The right way to do this is to just slice the string, as in the other answers.
But if you want a more concise way to write your code, which will work for similar problems that aren't as simple as slicing, there are two tricks: comprehensions, and the enumerate
function.
First, this loop:
for i in range(len(foo)):
value = foo[i]
something with value and i
… can be written as:
for i, value in enumerate(foo):
something with value and i
So, in your case:
for i, c in enumerate(s):
if (i%2)==0:
b+=c
Next, any loop that starts with an empty object, goes through an iterable (string, list, iterator, etc.), and puts values into a new iterable, possibly running the values through an if
filter or an expression that transforms them, can be turned into a comprehension very easily.

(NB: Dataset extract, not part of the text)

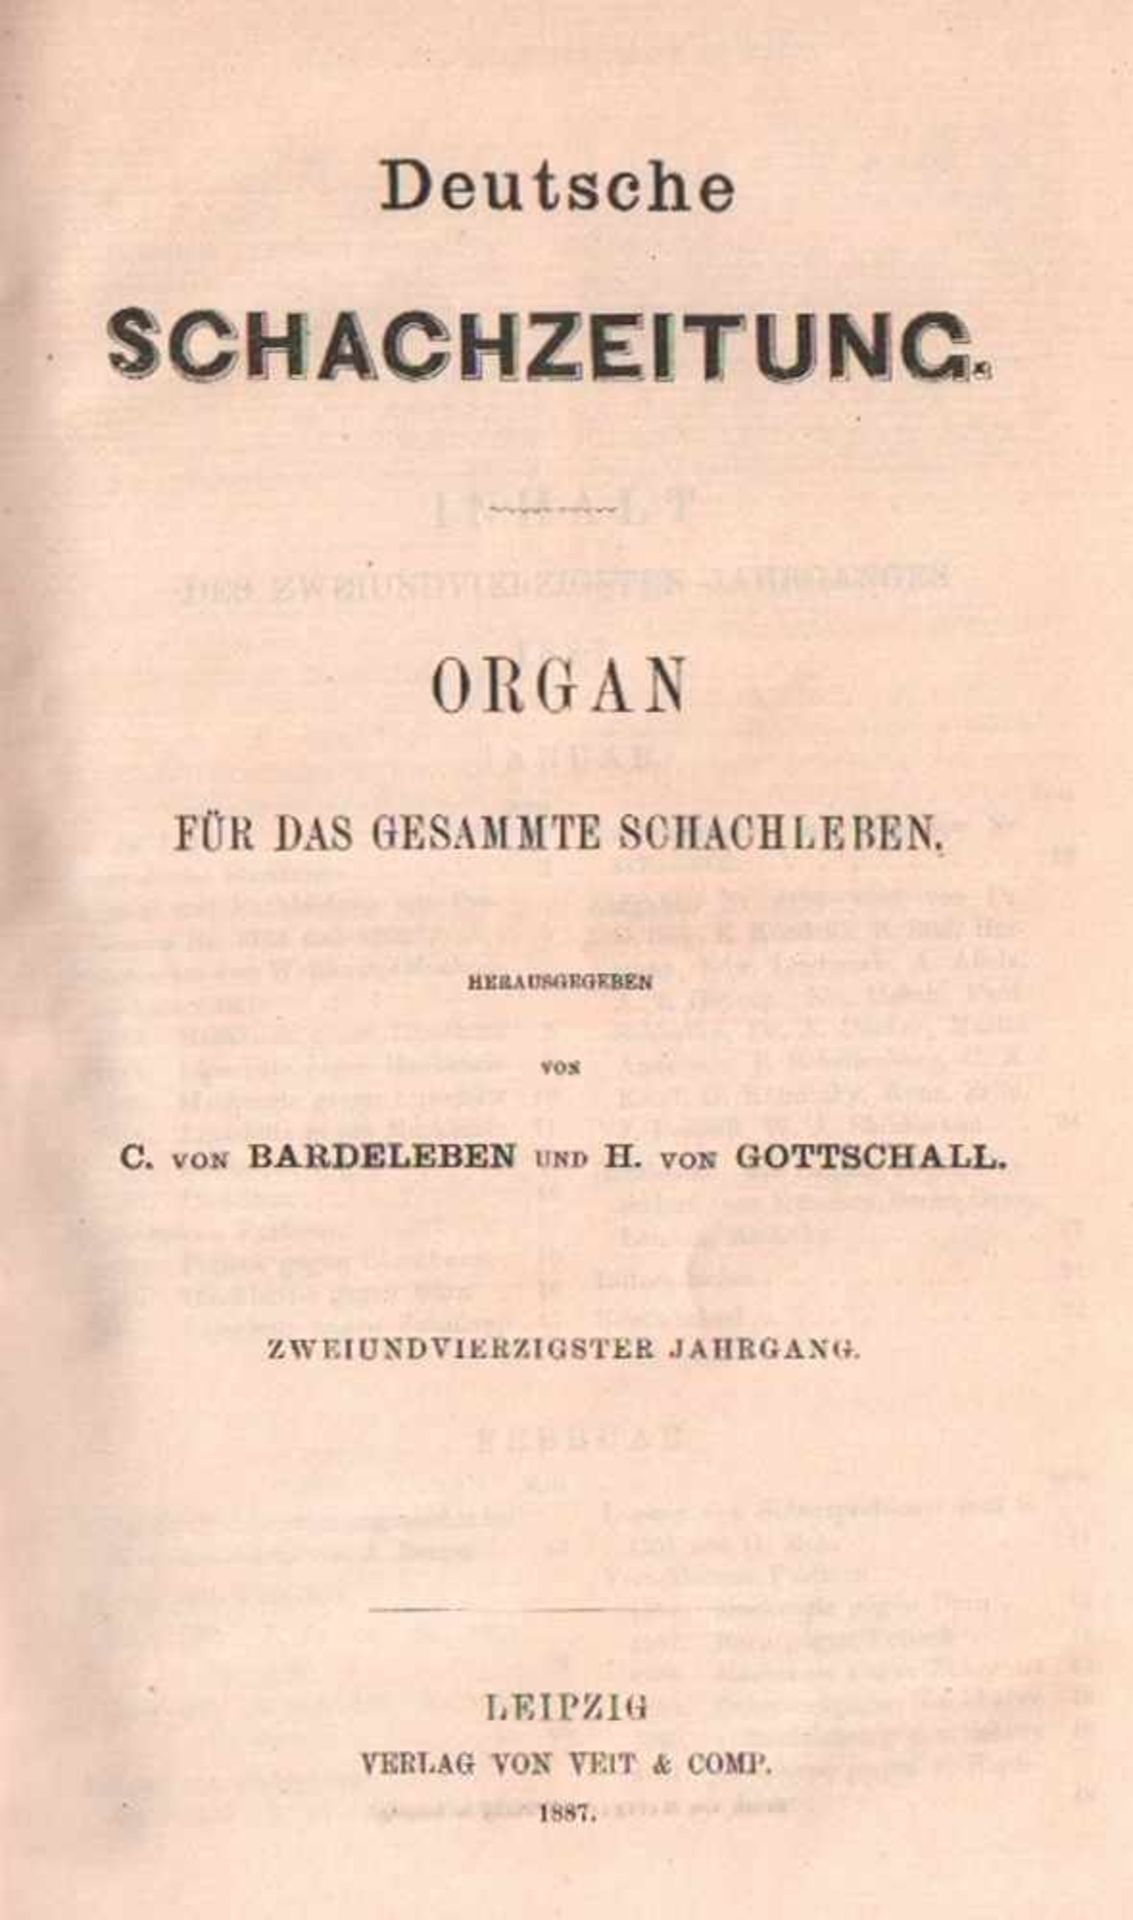 Deutsche Schachzeitung.Organ für das gesammte Schachleben. Hrsg. von C. von Bardeleben und H. von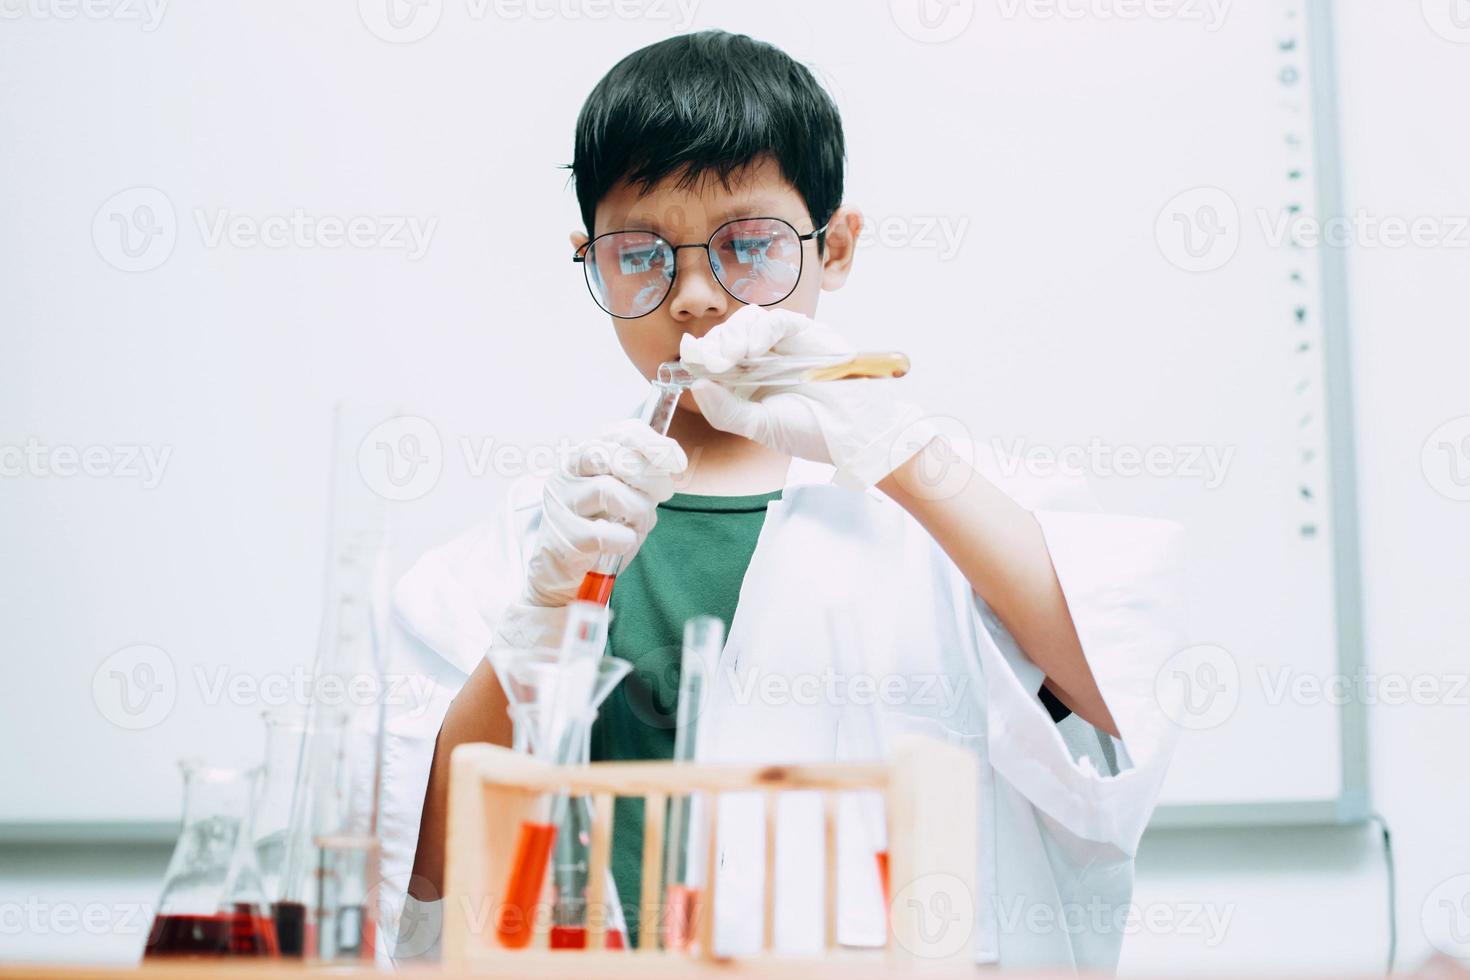 studente ragazzo asiatico con provette che studia chimica al laboratorio scolastico, versando liquido. giornata nazionale della scienza, giornata mondiale della scienza foto

While Python has comprehensions for lists, sets, dicts, and iterators, it doesn't have comprehensions for strings—but str.join
solves that.
So, putting it together:
b = "".join(c for i, c in enumerate(s) if i%2 == 0)
Not nearly as concise or readable as b = s[::2]
… but a lot better than what you started with—and the same idea works when you want to do more complicated things, like if i%2 and i%3
(which doesn't map to any obvious slice), or doubling each letter with c*2
(which could be done by zipping together two slices, but that's not immediately obvious), etc.